(This companion piece discusses the chemistry of erythritol and other sugar articles. In his article, Dr. Chuck "Chuckles" Dinerstein discusses the potential risks of the artificial sweetener erythritol based on a single study.)
It never ends. There are 12 approved sugar substitutes in the US; six are icky artificial chemicals that, according to some schmoe or other, are supposed to cause cancer. (The King of Bogeymen is aspartame, a harmless artificial sweetener that people recoil from while downing three gin and tonics every night. I recently wrote about how alcohol is a far greater cancer risk than aspartame. See Worrying About the Wrong Carcinogen: Alcohol vs. Aspartame.)
Now, caught in the revolving door of scary artificial sweeteners, is erythritol, a naturally occurring sugar alcohol. (My beloved colleague, Dr. Chuck "Chuckles" Dinerstein, has written a companion piece on some recent information linking erythritol to blood clots. You can read it here.)
Let's clear up the terms
'Sugar alcohol' is an inherently confusing term. Are they sugars? Sort of because they're sweet (1). Are they alcohols? Yes, because they contain multiple hydroxyl (alcohol) groups. Both are partially correct, but it takes a bit of chemistry to explain the term properly. And who could possibly be better for this monumental task than our always-ornery friends Steve and Irving, long-time denizens of hell and (reluctantly) the hosts of The Dreaded Chemistry Lesson From Hell®? They finally got some long-overdue recognition and were featured at the halftime show of the prestigious 2023 Wasabi Fenway Bowl (2) !
Steve (left) and Irving were honored at the 2023 esteemed Wasabi Fenway Bowl
Image: Wikimedia Commons
Hang on. Do that many people really attend the Wasabi Bowl? I'm suspicious. Why am I thinking the following might be more accurate?
Image: Stockbridge
What is a sugar?
Sugars (hundreds occur naturally) are one type of carbohydrate (consisting of carbon, hydrogen, and oxygen atoms).
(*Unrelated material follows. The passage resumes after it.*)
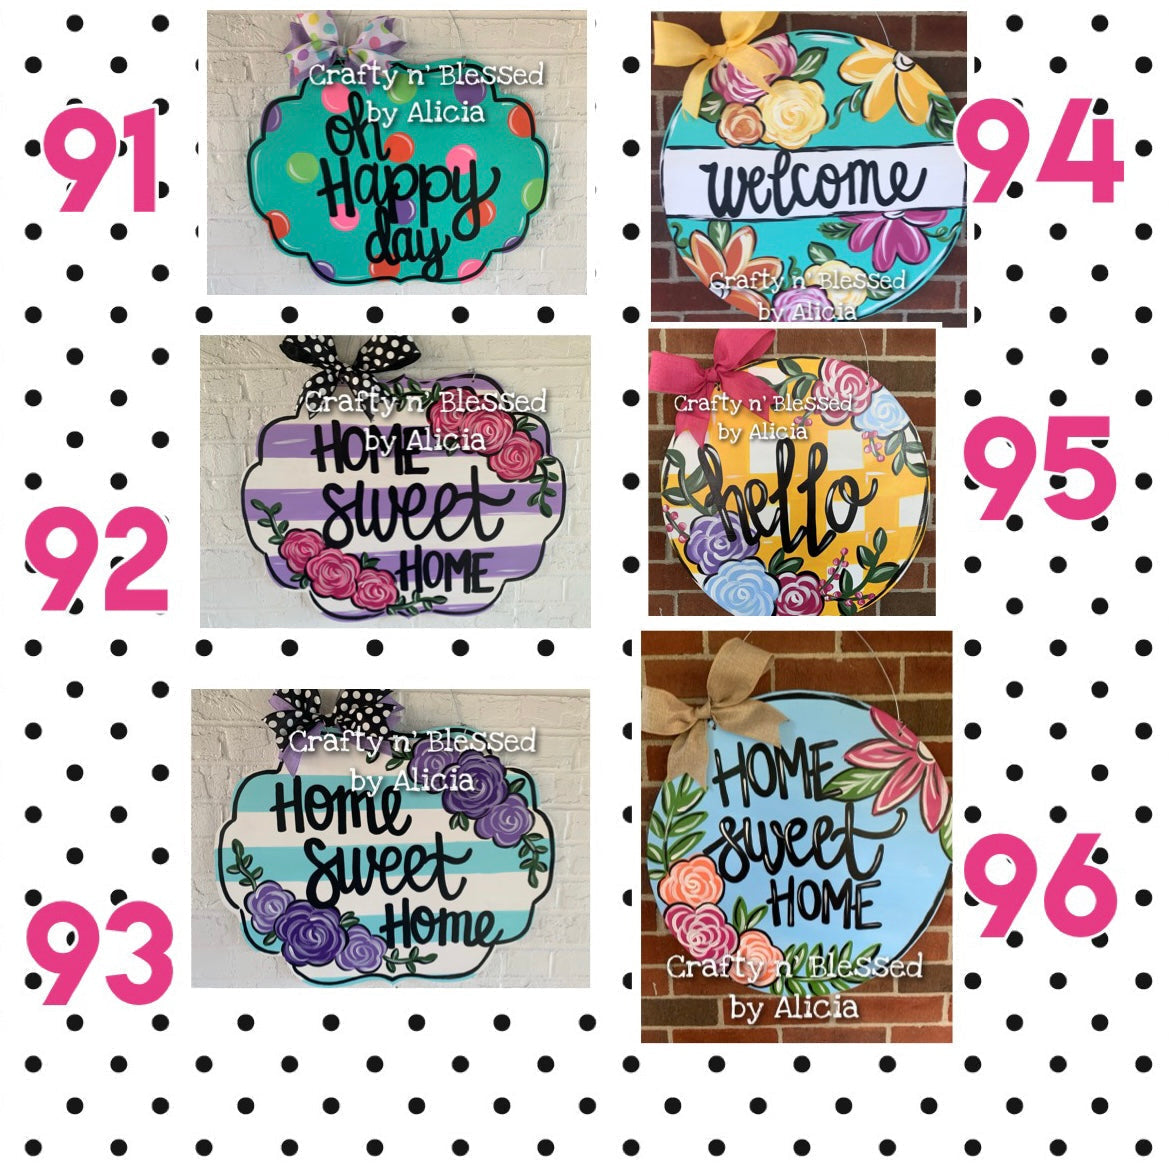 October 5th Public Mommy and Me Paint Party
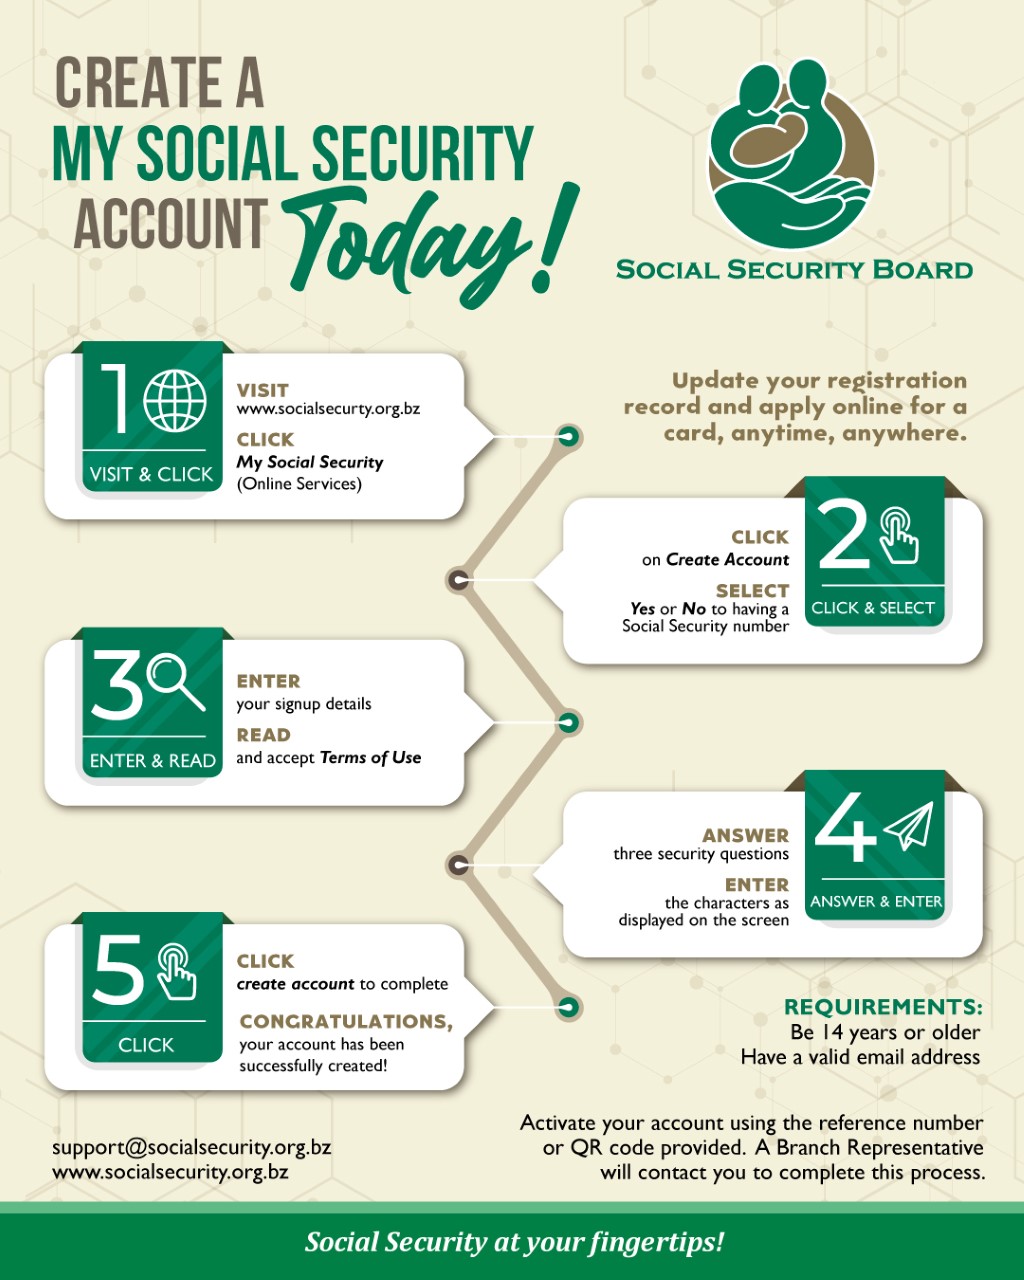 Social Security Board - Fax Section

In particular, all sugars contain multiple hydroxyl (aka alcohol) groups and are sweet-tasting and water-soluble.
There are about 20 naturally occurring sugars that have a common feature. The general formula below shows that they exist in two forms – open and closed. The open forms contain an aldehyde group (red asterisk). Why am I torturing you with this minutia? It's an explanation of why sugars and sugar alcohols are different. Bear with me. Glucose, the most important, is used as an example (Figure 1).
Figure 1. Glucose interconverts at lightning speed. The open form contains an aldehyde (left, red asterisk) and an alcohol group (left, blue asterisk), which react reversibly with each other, while the closed form has neither. The asterisks in the closed form correspond to the same atoms in the open form.
Sugars vs. sugar alcohols - both sweet. One might keep you near a bathroom
Sugars (about 4 calories/gram) are absorbed quickly in the small intestine and are used by the body. Sugar alcohols, on the other hand, are usually absorbed more slowly and often incompletely, so they have little impact on blood sugar and have fewer calories. Some, like erythritol, pass through the body largely unchanged, while others are fermented by bacteria in the large intestine, which can lead to digestive discomfort. (This is putting it mildly.) Sorbitol, which is close in chemical structure (Figure 2) to glucose, is notorious for this.
Figure 2. Note that in sugar alcohols the aldehyde group (yellow arrow) has been reduced (two hydrogen atoms added) to form an alcohol group (green arrow), which is why this class of compounds is also referred to as reduced sugars. In organic chemistry, reduction means the addition of hydrogen. Sorbitol has two more hydrogen atoms than glucose.
Bottom line
The body does a poor job of handling sugar alcohols, which are structurally different albeit subtly from sugars. This is why they have few or no calories. But there are tradeoffs. Some people become quite ill when they consume these sweeteners. Aside from that they are generally regarded as safe (except perhaps for your underwear). At least until now. The latest scare: Does erythritol cause clotting and contribute to stroke risk?
Time to get out
Let's turn this over to Dr. Dinerstein. He's both sweet and easy on the intestines.
Here's Chuckie!
Original image: Wikipedia
NOTES:
(1) Most but not all organic compounds that have multiple hydroxyl groups are sweet. One dangerous example is ethylene glycol, which is used as an antifreeze in cars. This is the chemical that kills pets; they lick it because of its sweet taste.
(2) On the off chance that you missed it, the Boston College Eagles won the 2023 Wasabi Fenway Bowl, beating the SMU Mustangs 23-14. Beyonce did not perform during the halftime show.